[Data below — start]
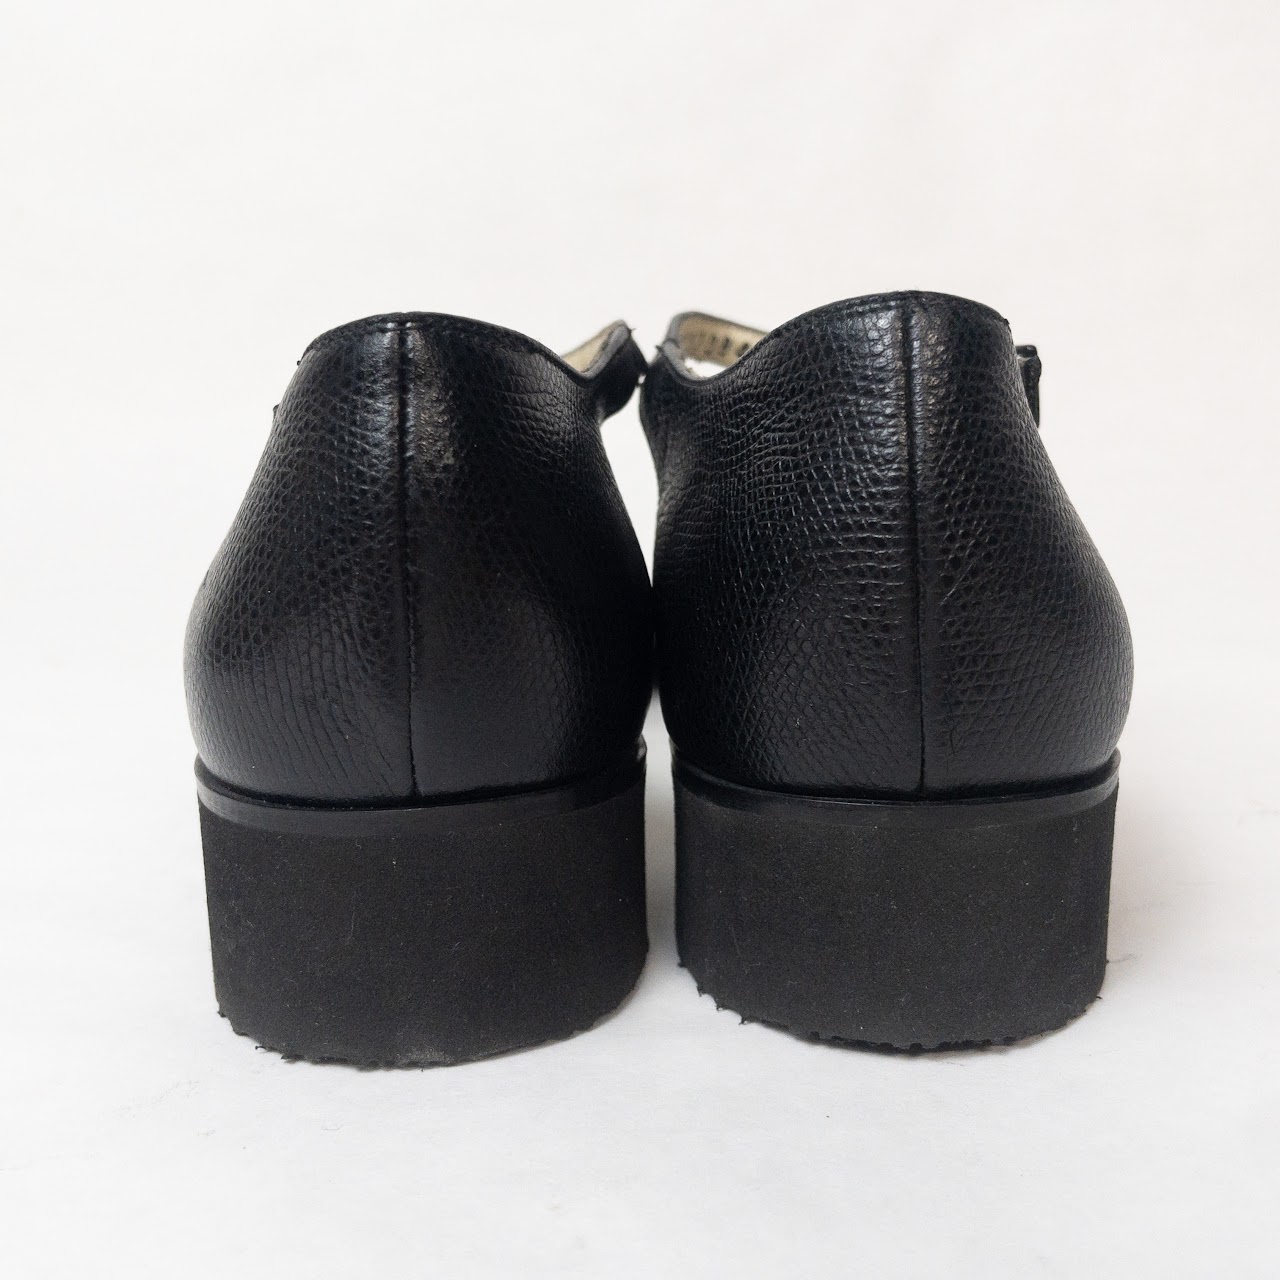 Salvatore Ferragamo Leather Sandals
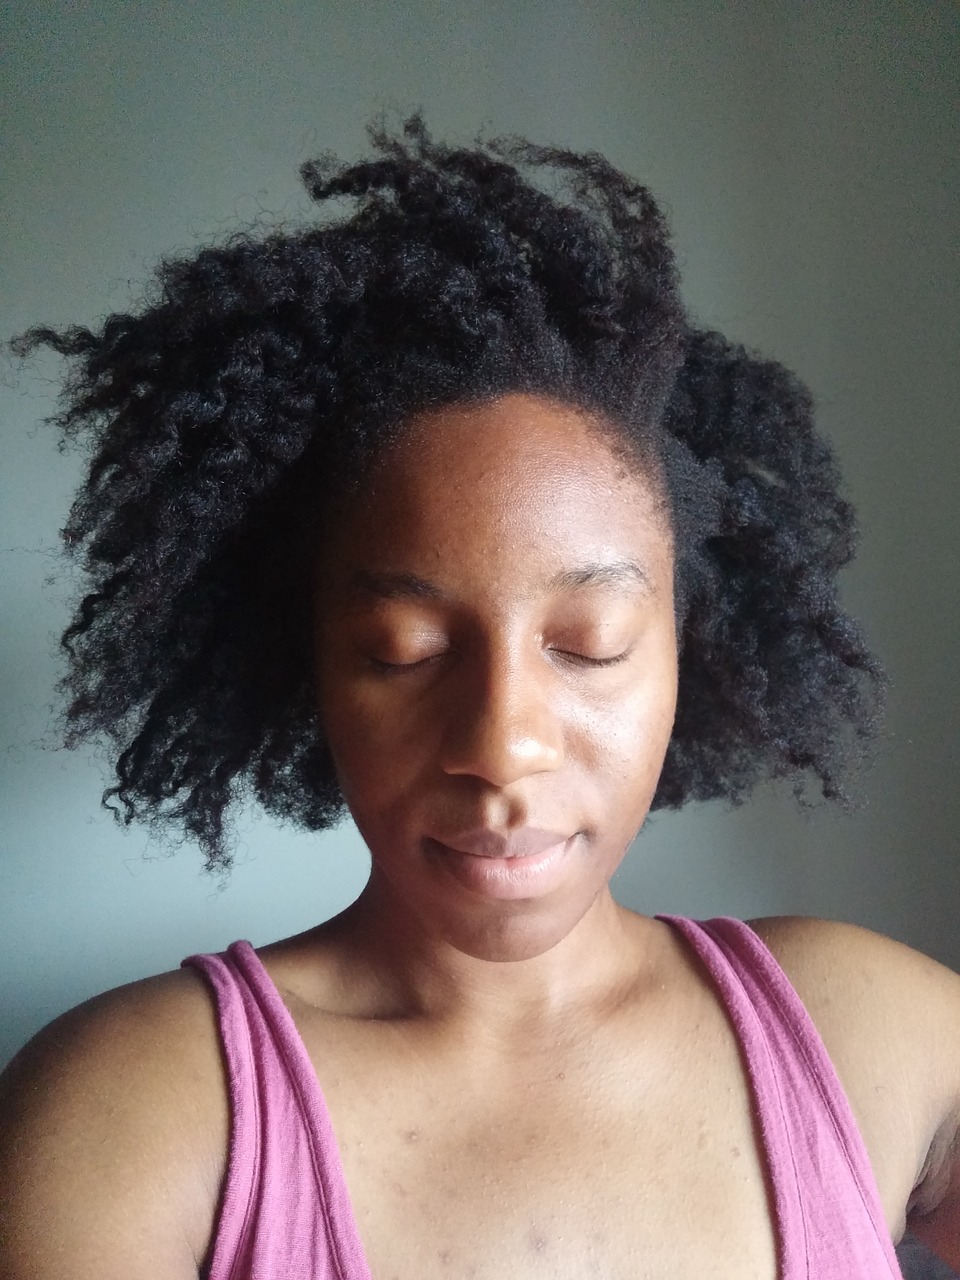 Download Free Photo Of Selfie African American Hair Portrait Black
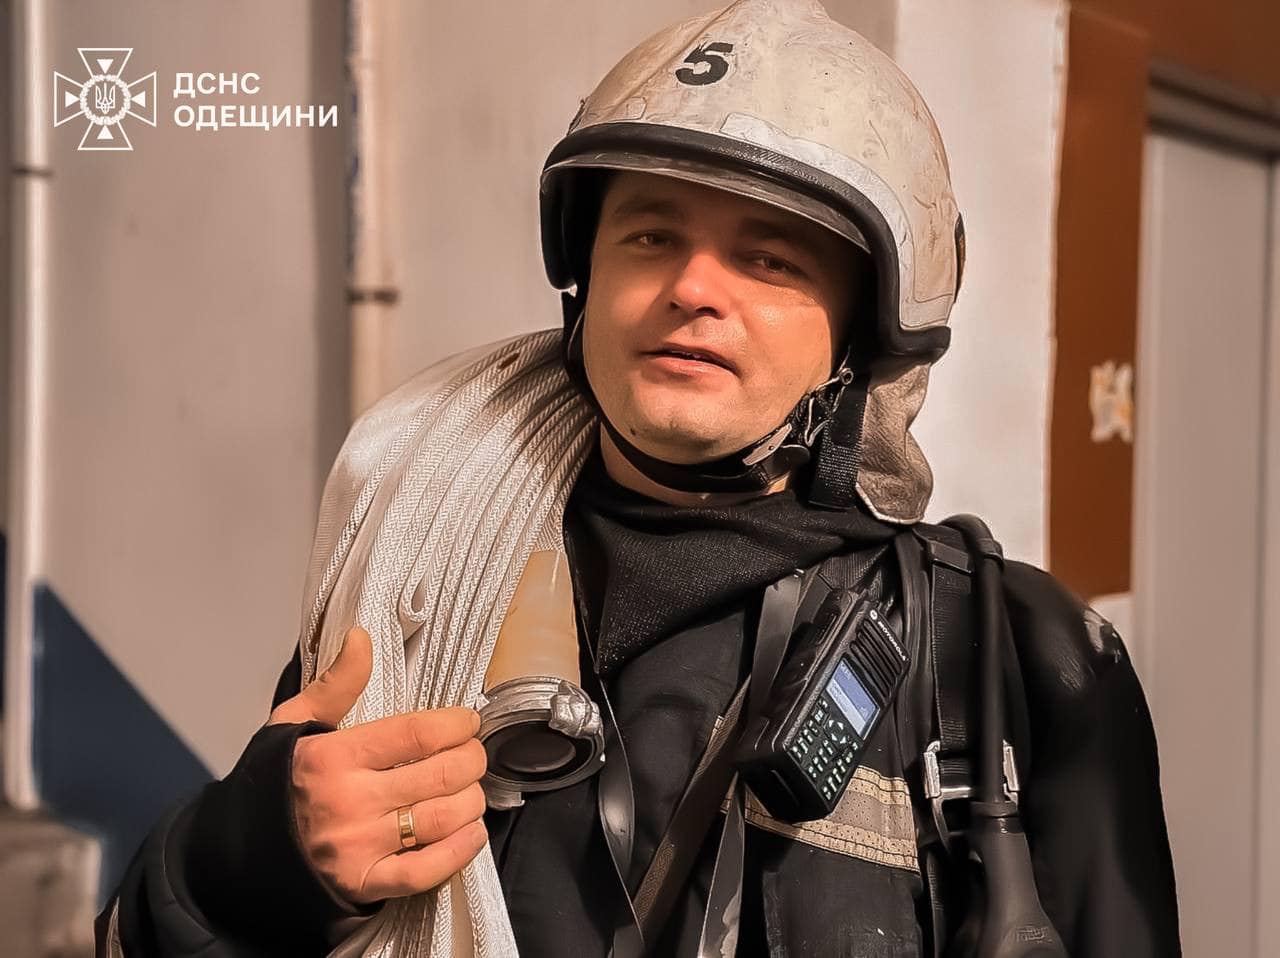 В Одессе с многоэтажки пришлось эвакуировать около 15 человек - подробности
[Data below — finish]
## [Problem description]
Output the lines above in full and exactly as given, omitting any pictures.

## [Reply]
 Salvatore Ferragamo Leather Sandals
 Download Free Photo Of Selfie African American Hair Portrait Black
 В Одессе с многоэтажки пришлось эвакуировать около 15 человек - подробности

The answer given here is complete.